We can use an assert to see if the minimum value if above the boundarie, not getting any response means that we do not have any that is not above the limit.

assert health.hear_rate.min() > 40

After extracting the outliers from the main dataframe, we can take a look at the distribution for heart rate and resting heart rate for the outliers.

Heart Rate Distribution in the Outliers

Resting Heart Rate Distribution in the outliers

As we can see the cases where heart rate and resting heart rate is low are in the same group, so there could be a problem in using the device or a measurment error, we cannot know without having more information of the dataset.


Data Analysis

Height by Gender

With all the data clean, and after eliminating the outliers we can proceed to analyse the data and to investigate correlations and trends in the data.

Before starting to facility the easiness to read the information, I will replace in the gender column, the source does not indicate which one is for male and which one for female, so i will use the assumption that the height is bigger in the male case than for females.

Height by gender

We can see that the 0 is lower than the 1, so we will use 0 for Female and 1 for Male.

health.gender = health.gender.replace({0: "Female", 1: "Male"})

Weight by Gender

Weight by gender

There is a deviation, where male present a higher weight compare to women in average, that is caused by a correlation between height and weight, even though we can find outliers, higher height usually implies higher mass.
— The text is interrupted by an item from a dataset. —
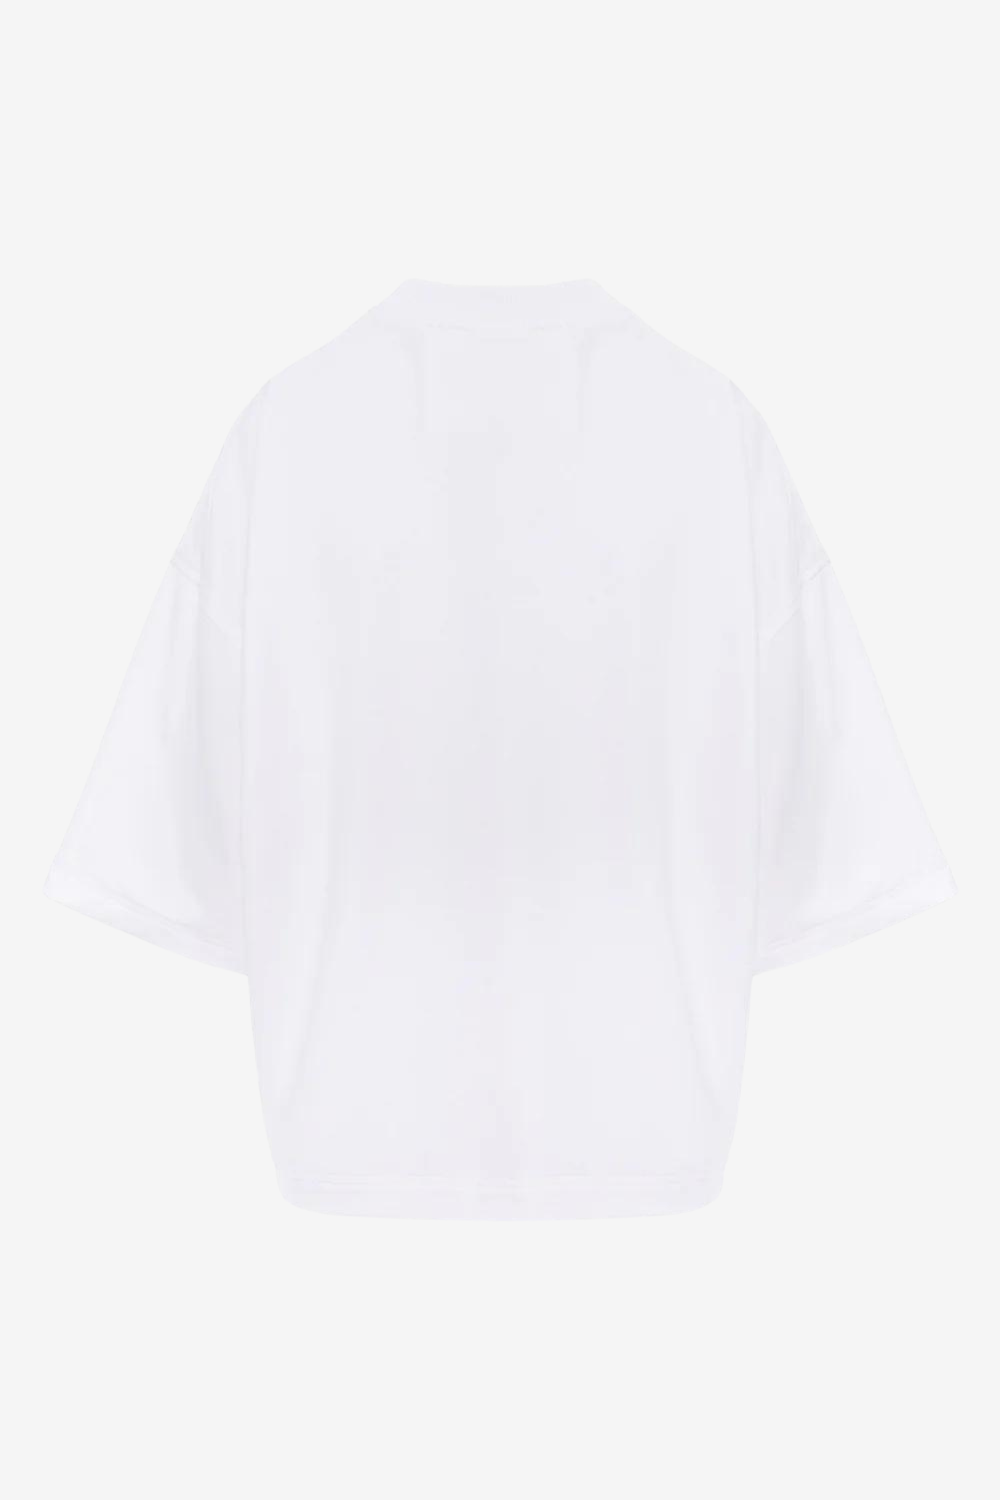 Tricou damă, alb, imprimeu Kyo Velvet, bumbac premium, croială oversized, detalii elegante (mâneci clopot).

We can check that visualy by using a scatter plot.

Weight Vs Height

Height Vs Weight

As we can see, the taller the person, the bigger is the weight, there are some outliers, as should be expected, but the trendline is a positive one.

Device by Gender

For this, let’s generate two new dataframes to differenciate the devices.

fitbit = health[health['device'] == 'fitbit']
fitbit_gender = fitbit.gender.value_counts()
GenderCount
Female1214
Male1174

apple_watch = health[health['device'] == 'apple watch']
gender_apple = apple_watch.gender.value_counts()
GenderCount
Female1925
Male1714

We can see that there is in general more females in both categories, there is no apparent differece, we can compare it by seeing the porportion of female vs male in the dataframe and then for each device.

Pct. deviation Female Vs MaleCount
Total8.69%
Apple Watch12.31%
Fitbit3.41%

We can see a bigger a difference in the proportion of women in the apple watch compare to the total of the dataset, that indicates that in our dataframe, there are a bigger proportion of women using apple watch, we cannot extrapolate any trend outside the dataframe.

Calories Burned by Device

Height Vs Weight

This shows a clear skew, the calories burned in the fitbit are higher, this may indicate that people using fitbit tend to perform more intense activities compare to the apple watch users that may use the watch not only for sport but also in a day to day basis to improve workflow.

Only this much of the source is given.